> _WHAT IS EXPECTED_: Retype the lines of the material below, exactly and only, from the one containing "Вход в РК Вконтакте" through the last line, with pictures left out.

> _DATASET EXCERPT_:
==================================================
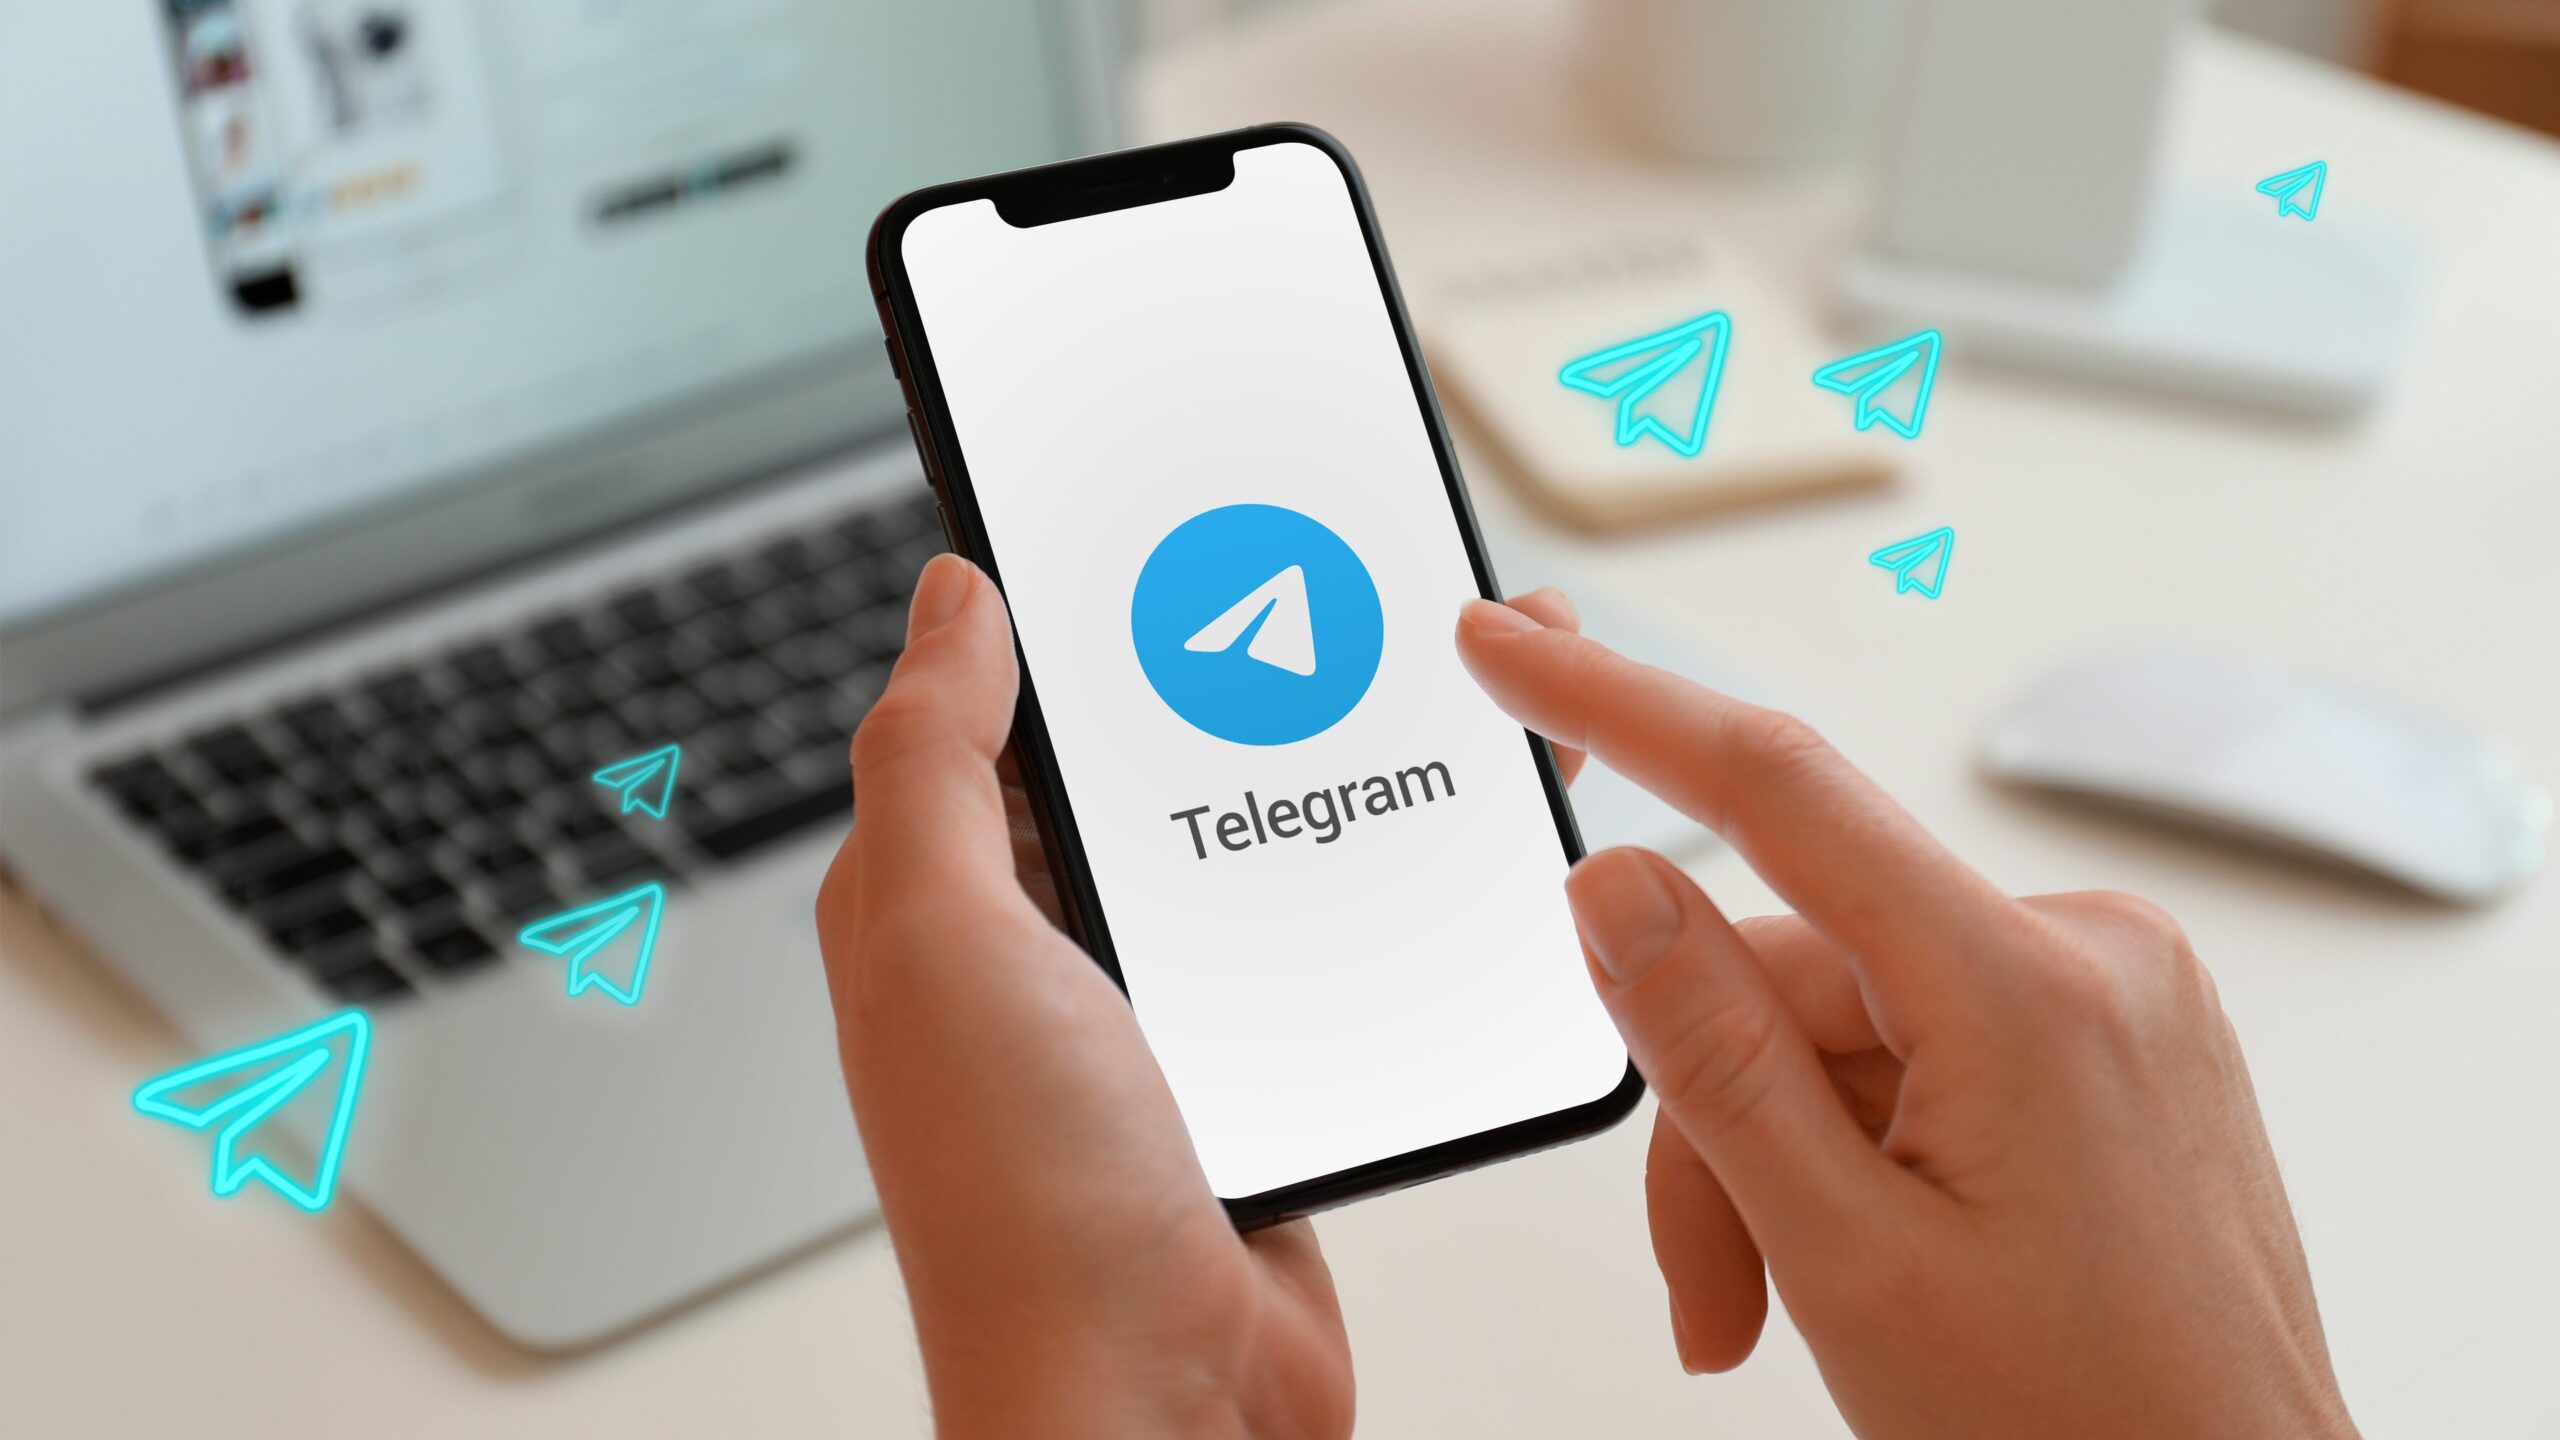  Telegram câștigă 70 de milioane de utilizatori noi în doar o zi după întreruperea Facebook
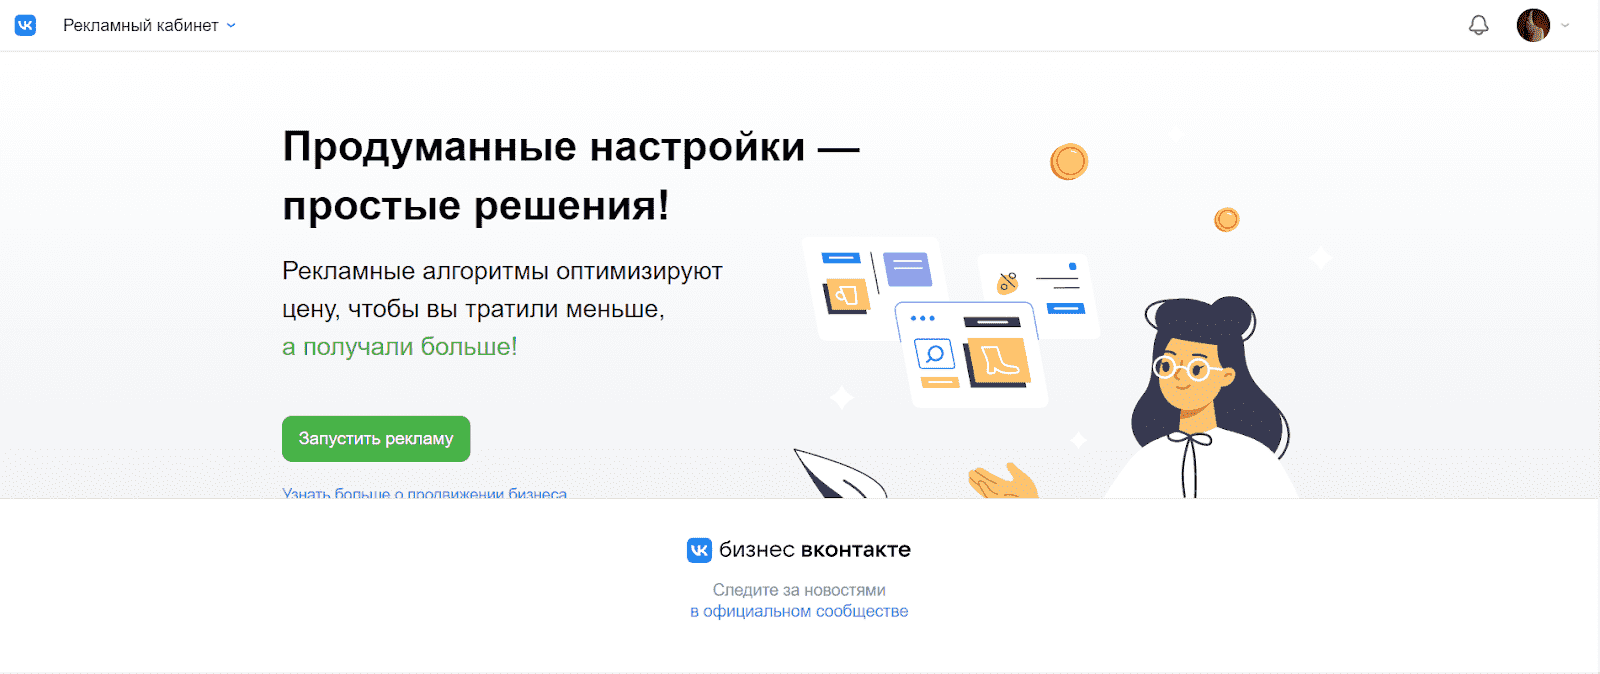 Вход в РК Вконтакте
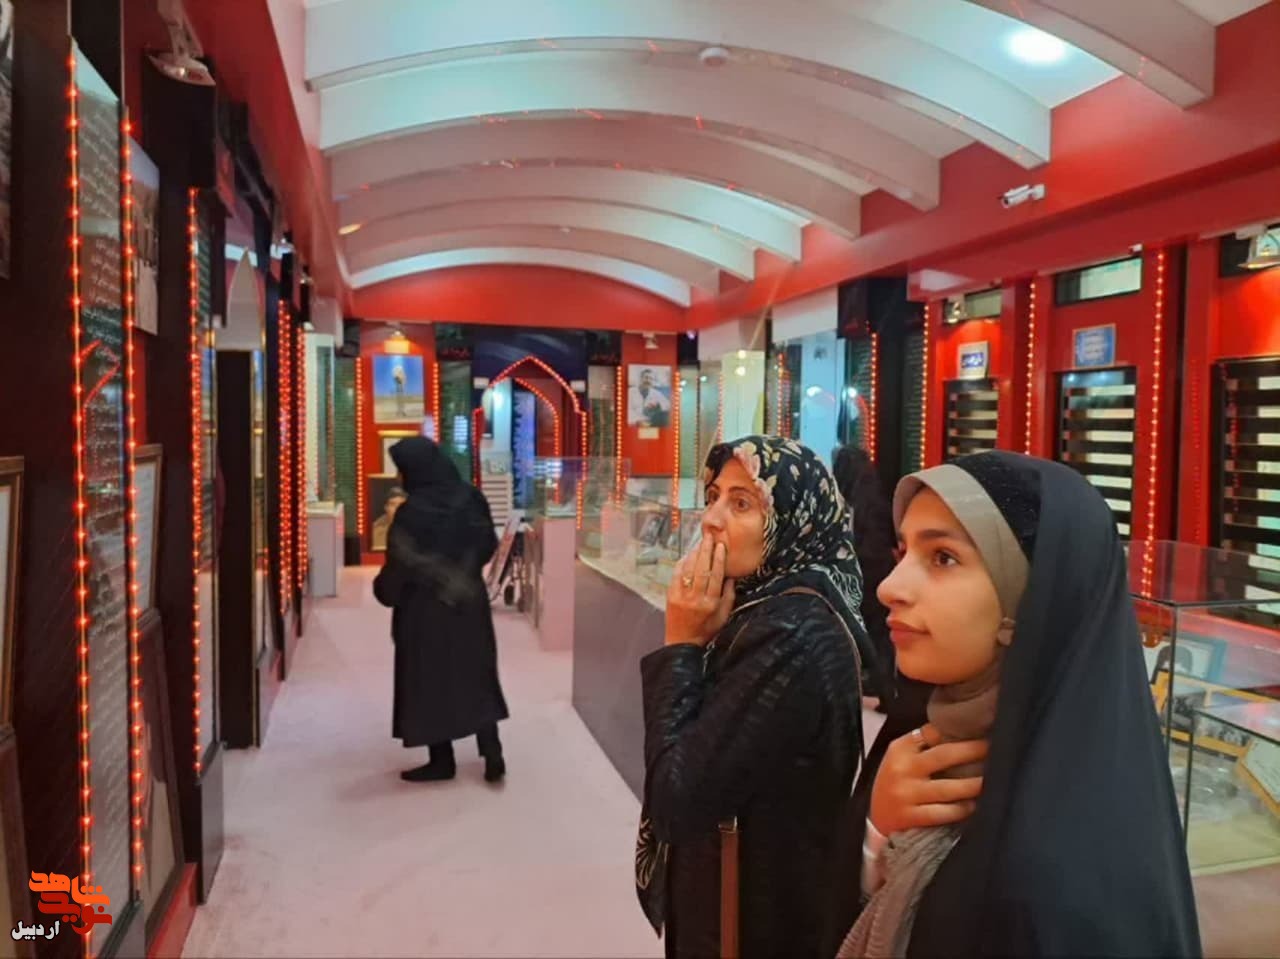 بازدید یک تور اردبیل گردی در قالب فرهنگسرای اصلانیان شهرداری از موزه شهدای اردبیل
==================================================
> _THE ANSWER_:
 Вход в РК Вконтакте
 بازدید یک تور اردبیل گردی در قالب فرهنگسرای اصلانیان شهرداری از موزه شهدای اردبیل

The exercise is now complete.